Timing antigenic escape in multiple myeloma treated with T-cell redirecting immunotherapies

Abstract

Recent data highlight genomic events driving antigen escape as a recurring cause of chimeric antigen receptor T-cell (CAR-T) and bispecific T-cell engager (TCE) resistance in multiple myeloma (MM). Yet, it remains unclear if these events, leading to clonal dominance at progression, result from acquisition under treatment selection or selection of pre-existing undetectable clones. This differentiation gains importance as these immunotherapies progress to earlier lines of treatment, prompting the need for innovative diagnostic testing to detect these events early on. By reconstructing phylogenetic trees and exploring chemotherapy mutational signatures as temporal barcodes in 11 relapsed refractory MM patients with available whole genome sequencing data before and after CART/TCE treatment, we demonstrated that somatic antigen escape mechanisms for BCMA- and GPRC5D-targeting therapies are acquired post-diagnosis, likely during CART/TCE treatment. Longitudinal tracking of these mutations using digital PCR in 4 patients consistently showed that genomic events promoting antigen escape were not detectable during the initial months of therapy but began to emerge nearly 1 year post therapy initiation. This finding reduces the necessity for a diagnostic panel to identify these events before CART/TCE. Instead, it underscores the importance of surveillance and identifying patients at higher risk of acquiring these events.

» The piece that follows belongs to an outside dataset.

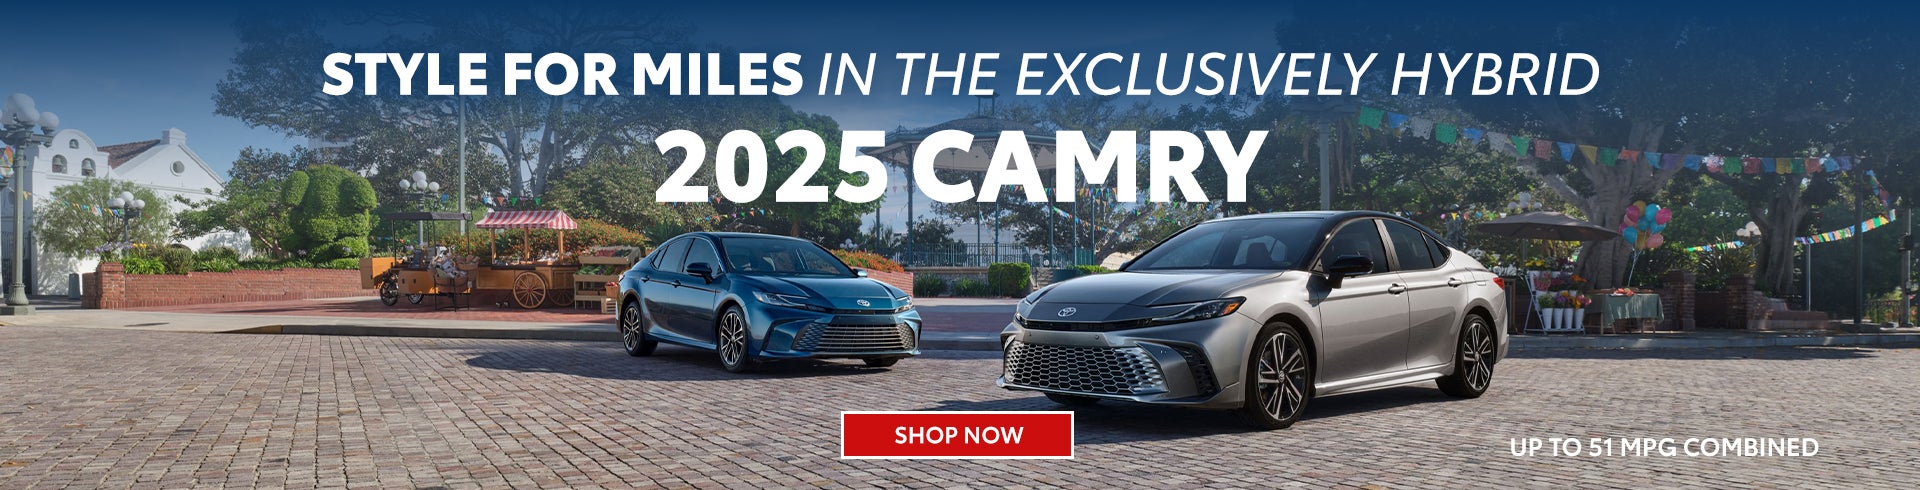 2025 Camry_Shop Now

Keywords: BCMA; GPRC5D; bispecific T cell engager; chimeric antigen receptor T-cell; genomics; immunotherapy; multiple myeloma.

Figure 1:. Timing antigen escape mechanisms in RRMM treated with CART/TCE.

Selected cases for timing the acquisition of TCE/CART antigen escape mutations. Clusters in the phylogenetic tree were reconstructed using DPClust. Branch length is proportional to the number of single base substitution (SBS) in each cluster. Antigen escape variants are color-coded according to the cluster in which they are found. Mutational signatures analyses were run on clusters with >50 SBS. For example, Cluster #4B in MM-17 had 7 mutations and so mutational signature fitting was not performed. In MM-31 Cluster #0 grouped all the subclonal variants detected at relapse after TCE anti-GPRC5D. Presence of convergent evolution with 4 different and independent subclones was previously demonstrated by phasing reads. This is why the cluster appeared split in the three but is reported as one for the SBS analysis. PFS, Progression-Free Survival.

Figure 2:. Tracking onset of mutations on TNFRSF17 over time in RRMM treated with CART/TCE.

ddPCR reveals the emergence of TNFRSF17 mutants at later time points post TCE therapy initiation. Plots depict the serial measurements of the serum M-protein by serum electrophoresis or free light chain studies (solid black line), the percent of the bone marrow plasma cells (BMPC %, red bars), the donut plots indicate TNFRSF17 WT and mutants VAF and the grey zone reflects the time of biochemical or clinical relapse.